You are viewing a plain text version of this content. The canonical link for it is here.
Posted to issues@beam.apache.org by "Chamikara Jayalath (JIRA)" <ji...@apache.org> on 2019/01/10 16:32:00 UTC
[jira] [Commented] (BEAM-5694) OOMs on Pub/Sub to BigQuery via
FILE_LOADS
[ https://issues.apache.org/jira/browse/BEAM-5694?page=com.atlassian.jira.plugin.system.issuetabpanels:comment-tabpanel&focusedCommentId=16739588#comment-16739588 ]
Chamikara Jayalath commented on BEAM-5694:
------------------------------------------
R: [~reuvenlax]
> OOMs on Pub/Sub to BigQuery via FILE_LOADS
> ------------------------------------------
>
> Key: BEAM-5694
> URL: https://issues.apache.org/jira/browse/BEAM-5694
> Project: Beam
> Issue Type: Bug
> Components: io-java-gcp
> Affects Versions: 2.7.0
> Environment: Google Dataflow
> Reporter: Coda Hale
> Assignee: Chamikara Jayalath
> Priority: Major
>
> I've got a streaming Dataflow job which streams data from a Pub/Sub subscription to a single BigQuery table that I'm experimenting with moving to batch loads via BigQueryIO.Method.FILE_LOADS, but the only way I can get the job to successfully run is by increasing worker memory from 15GB to 52GB, which seems like a lot.

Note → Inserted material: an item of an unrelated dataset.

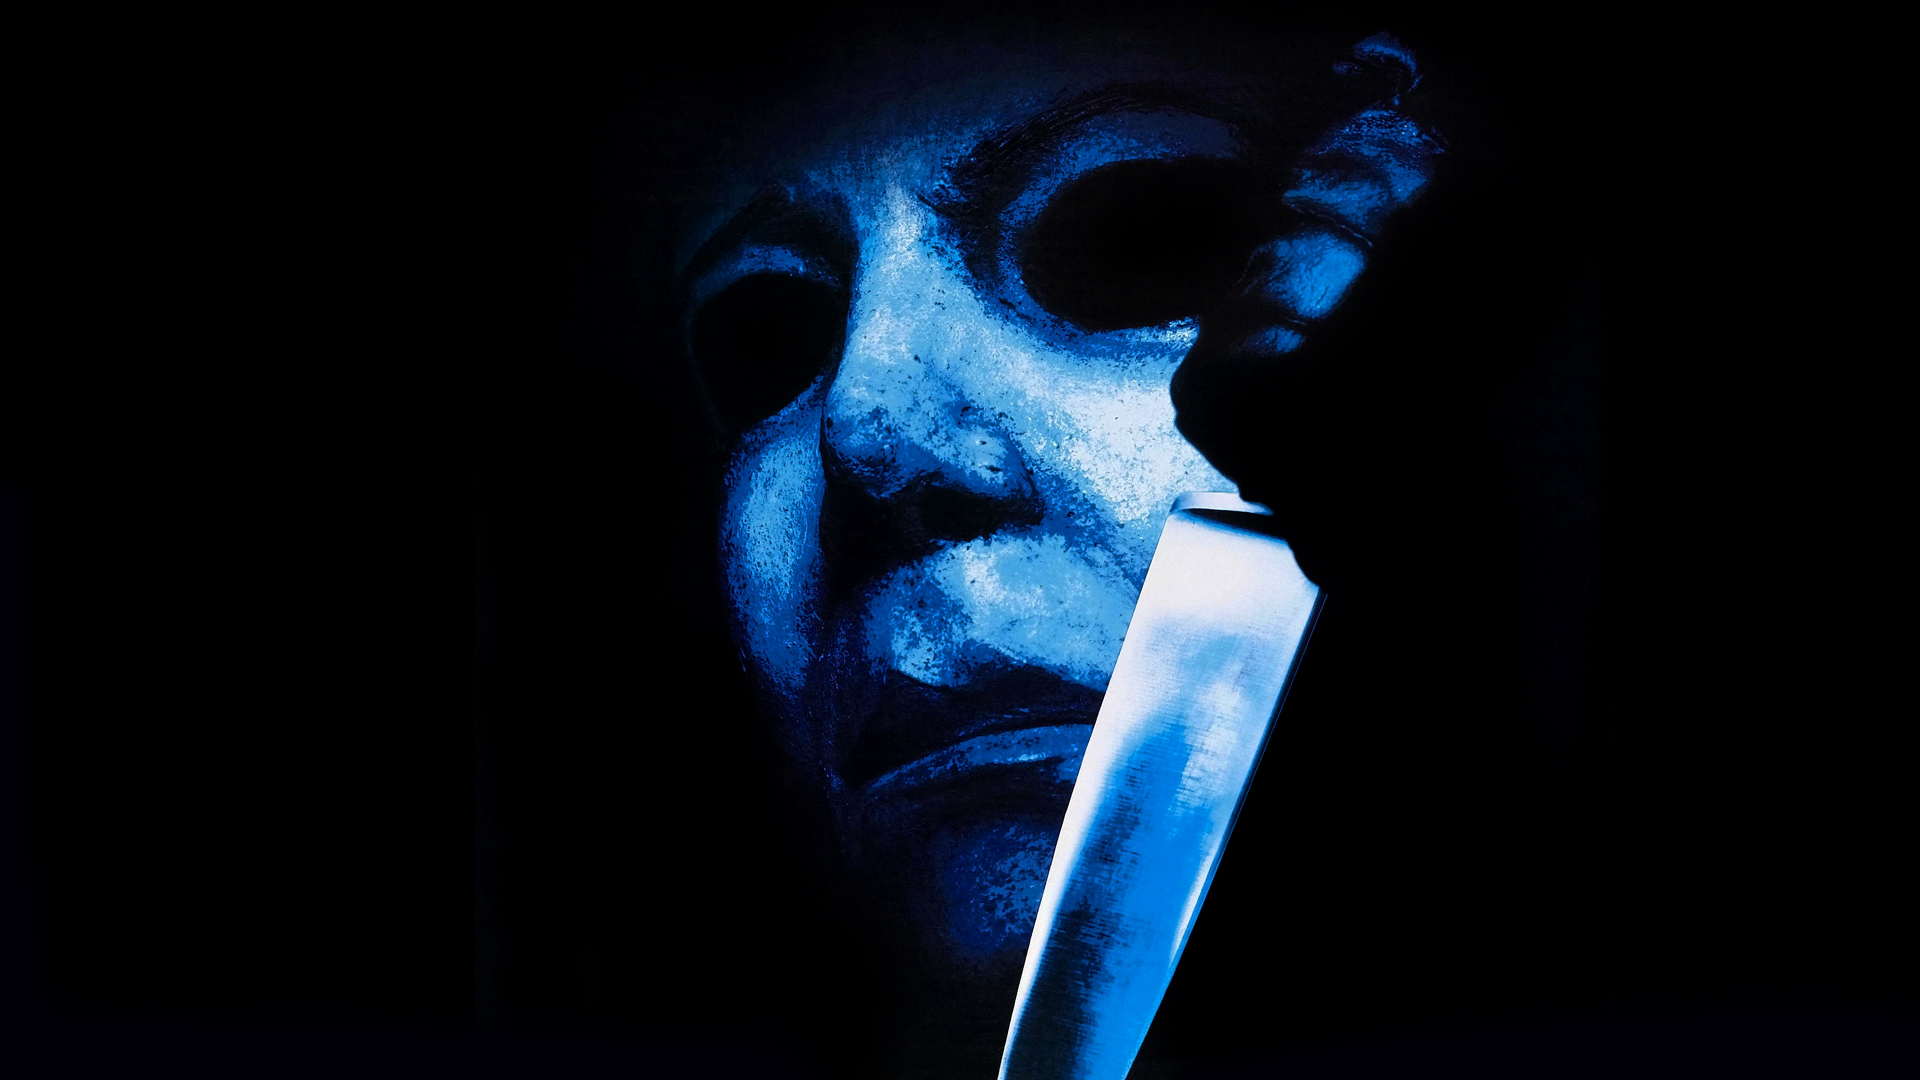 Movie Halloween: The Curse of Michael Myers HD Wallpaper | Background Image

> I haven't been able to get a heap dump, but observing the job I can see ~5GB of records accumulate in GroupByDestination before the trigger duration elapses and WriteGroupedRecords processes those, at which point I see OOM errors in WriteGroupedRecords:
> {{Caused by: org.apache.beam.sdk.util.UserCodeException: java.lang.OutOfMemoryError: Java heap space}}{{ org.apache.beam.sdk.util.UserCodeException.wrap(UserCodeException.java:34)}}{{ org.apache.beam.sdk.io.gcp.bigquery.WriteGroupedRecordsToFiles$DoFnInvoker.invokeProcessElement(Unknown Source)}}
> Like I said, I can resolve this by running the job with n1-highmem-8 machines, but this seems odd. The job is explicitly sharding data to keep per-worker requirements low but there's still a per-worker bottleneck about the size of the entire dataset. Increasing numFileShards doesn't seem to affect this, either — increasing from 100 to 1,000 to 10,000 changed the number of files but not the OOMs.

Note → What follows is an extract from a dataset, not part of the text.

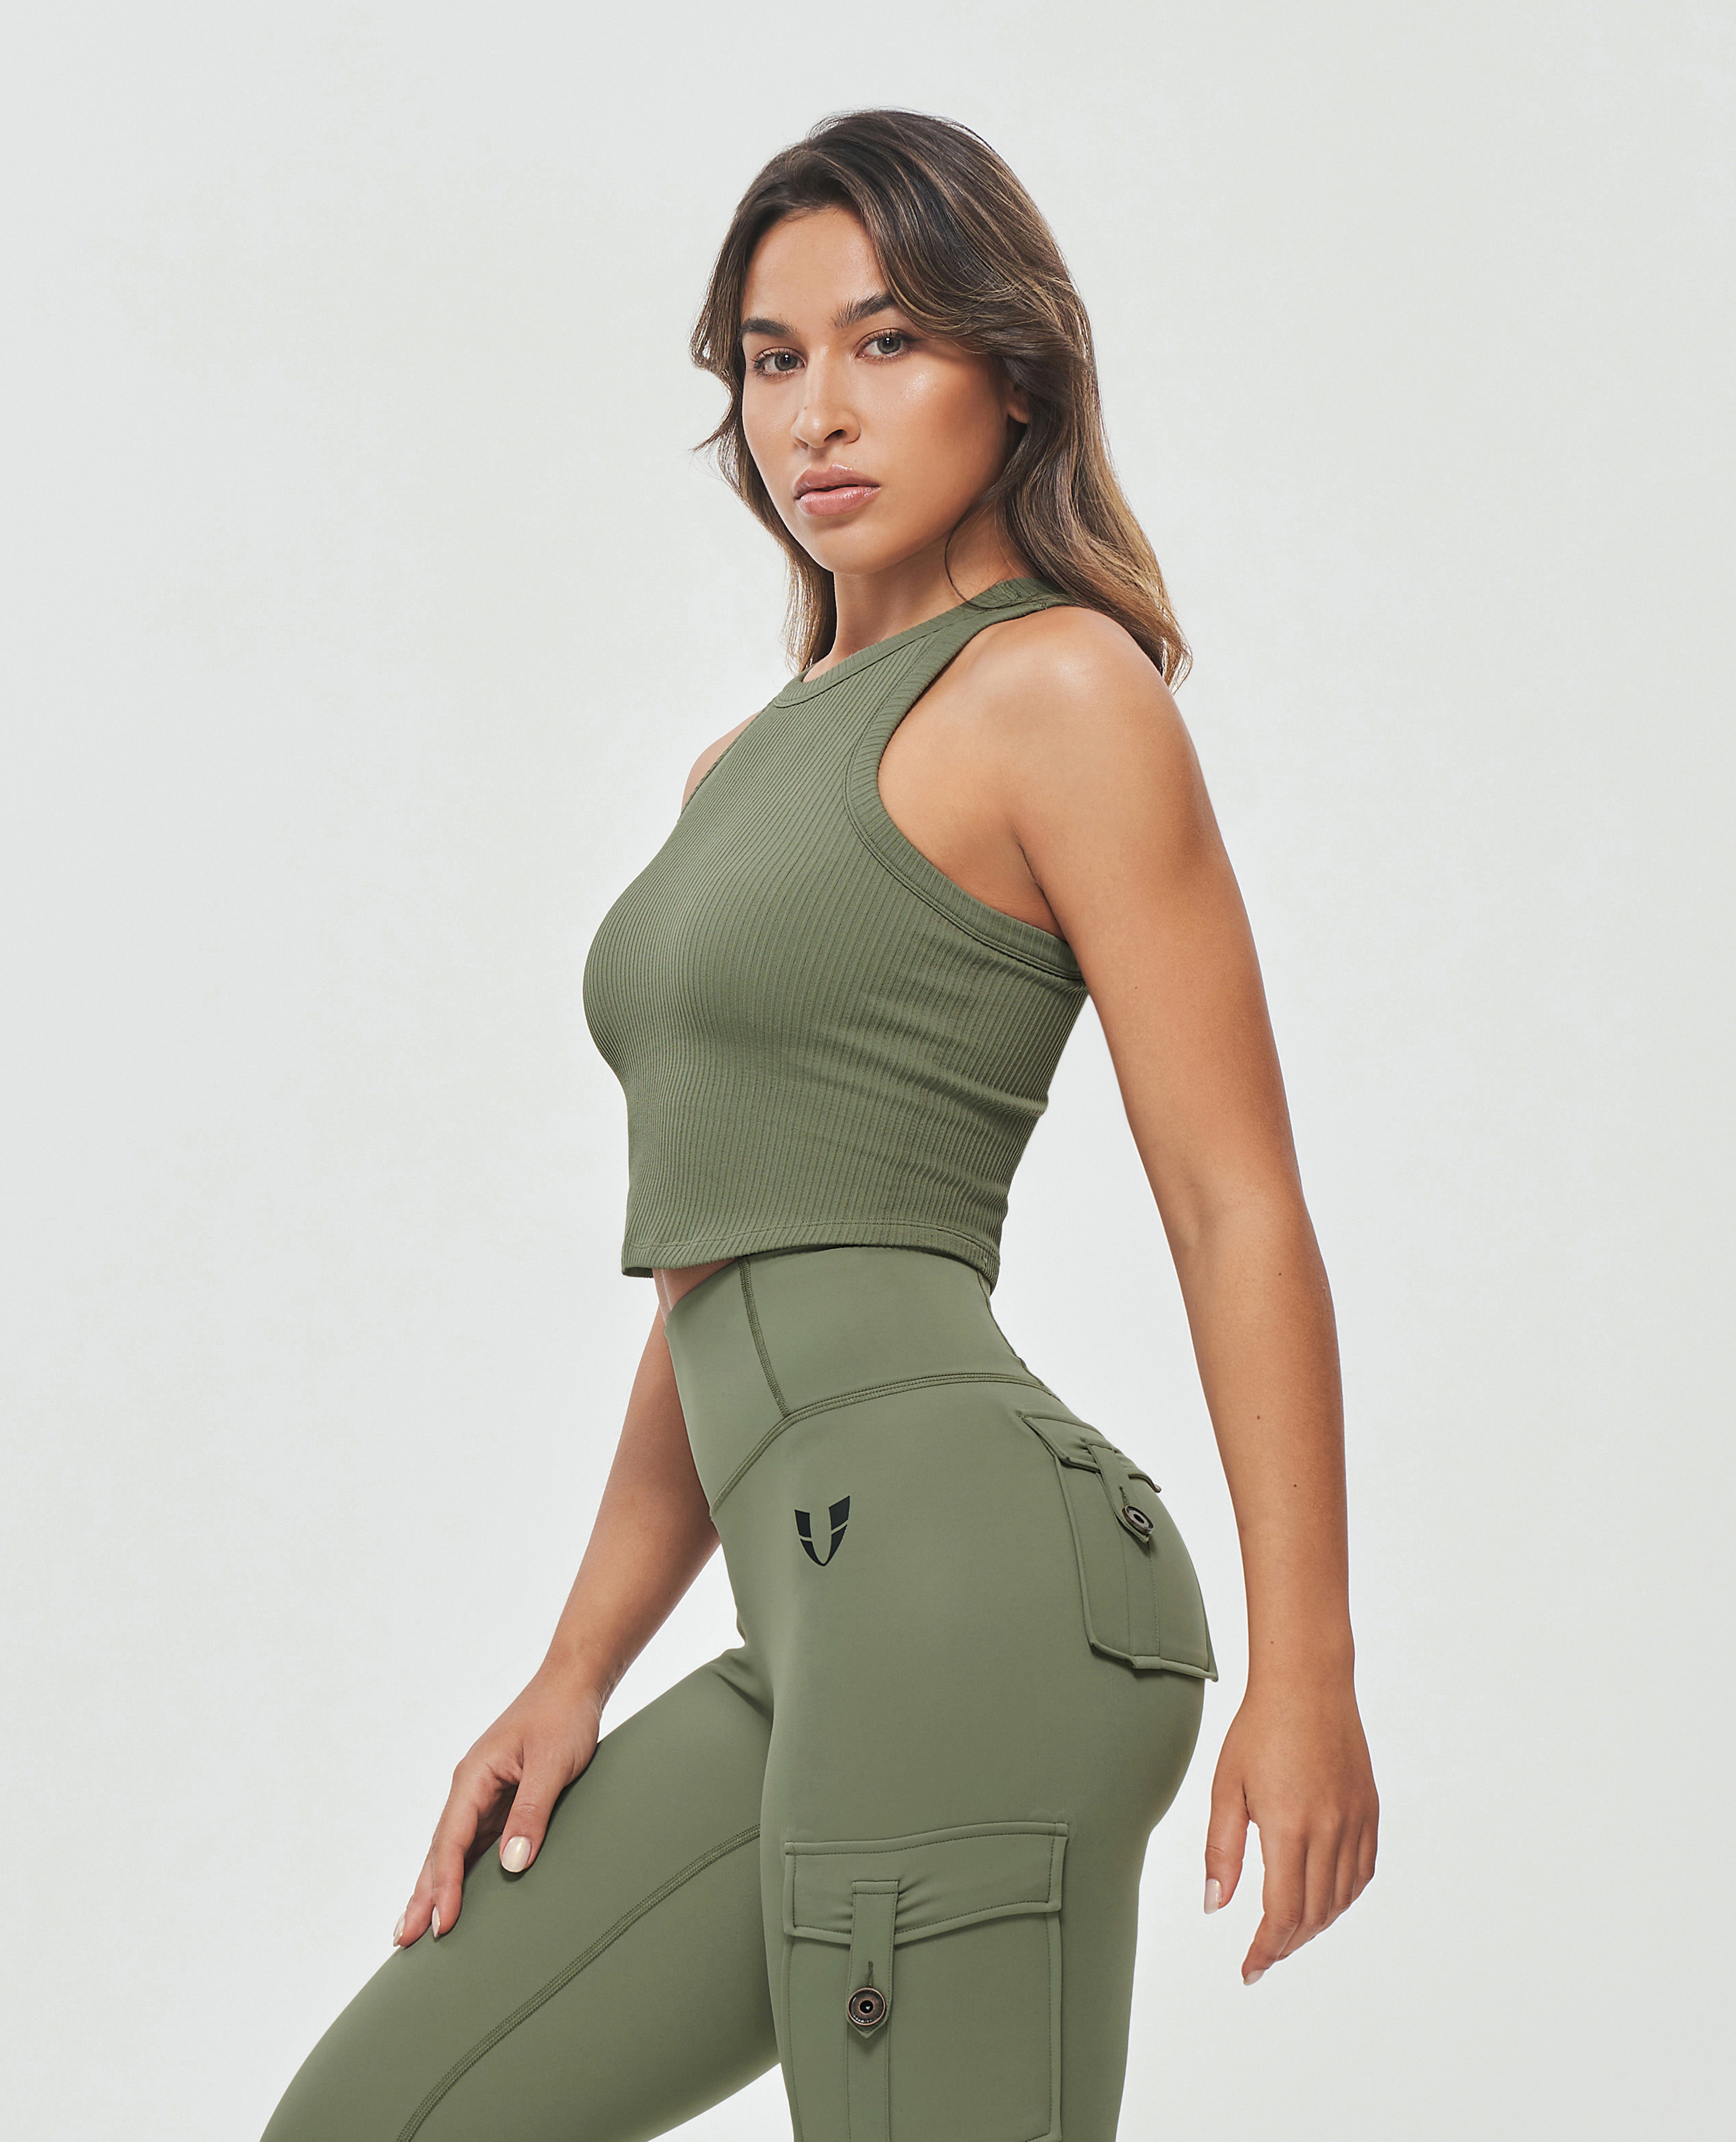 Padded Workout Tank - Olive Green

> The pipeline is fairly standard, but here's the code edited for confidentiality:
> {code:java}
> pipeline
> .apply("Read", PubsubIO.readMessages().fromSubscription(subscription))

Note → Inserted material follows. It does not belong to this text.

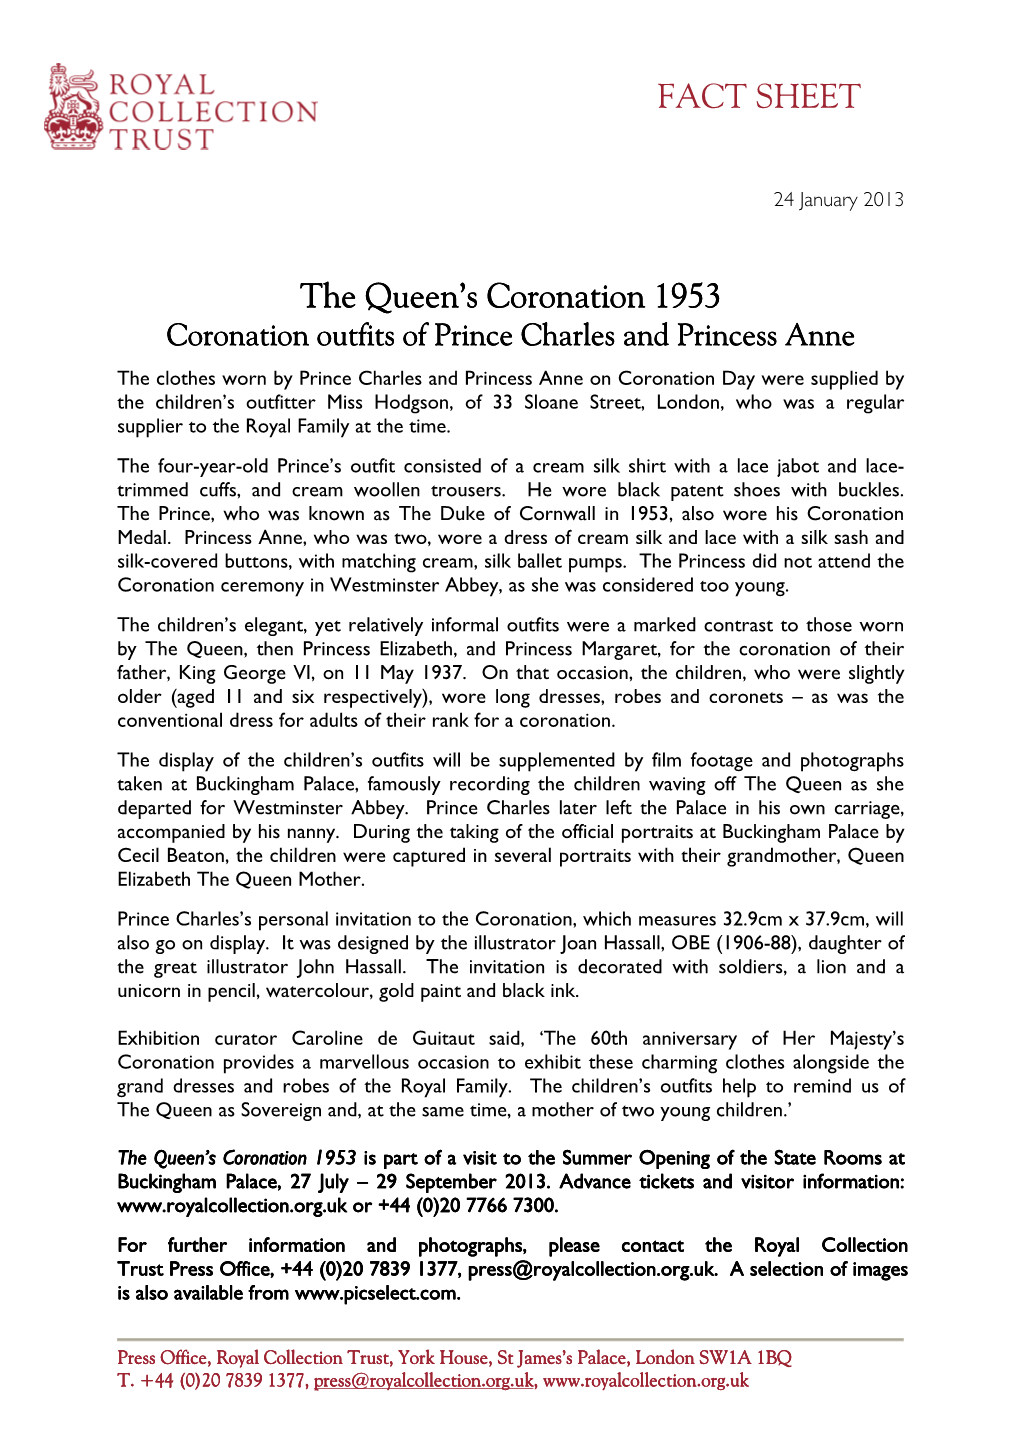 Fact Sheet the Queen's Coronation 1953 Children's Outfits

> .apply("Transform", ParDo.of(new MtoNFunction()))
> .apply(
> "Write",
> BigQueryIO.<TableRow>write()
> .withFormatFunction(a -> a)
> .to(tableRef)
> .withMethod(BigQueryIO.Write.Method.FILE_LOADS)
> .withTriggeringFrequency(Duration.standardMinutes(5))
> .withNumFileShards(100_000)
> .withWriteDisposition(BigQueryIO.Write.WriteDisposition.WRITE_APPEND)
> .withCreateDisposition(BigQueryIO.Write.CreateDisposition.CREATE_NEVER)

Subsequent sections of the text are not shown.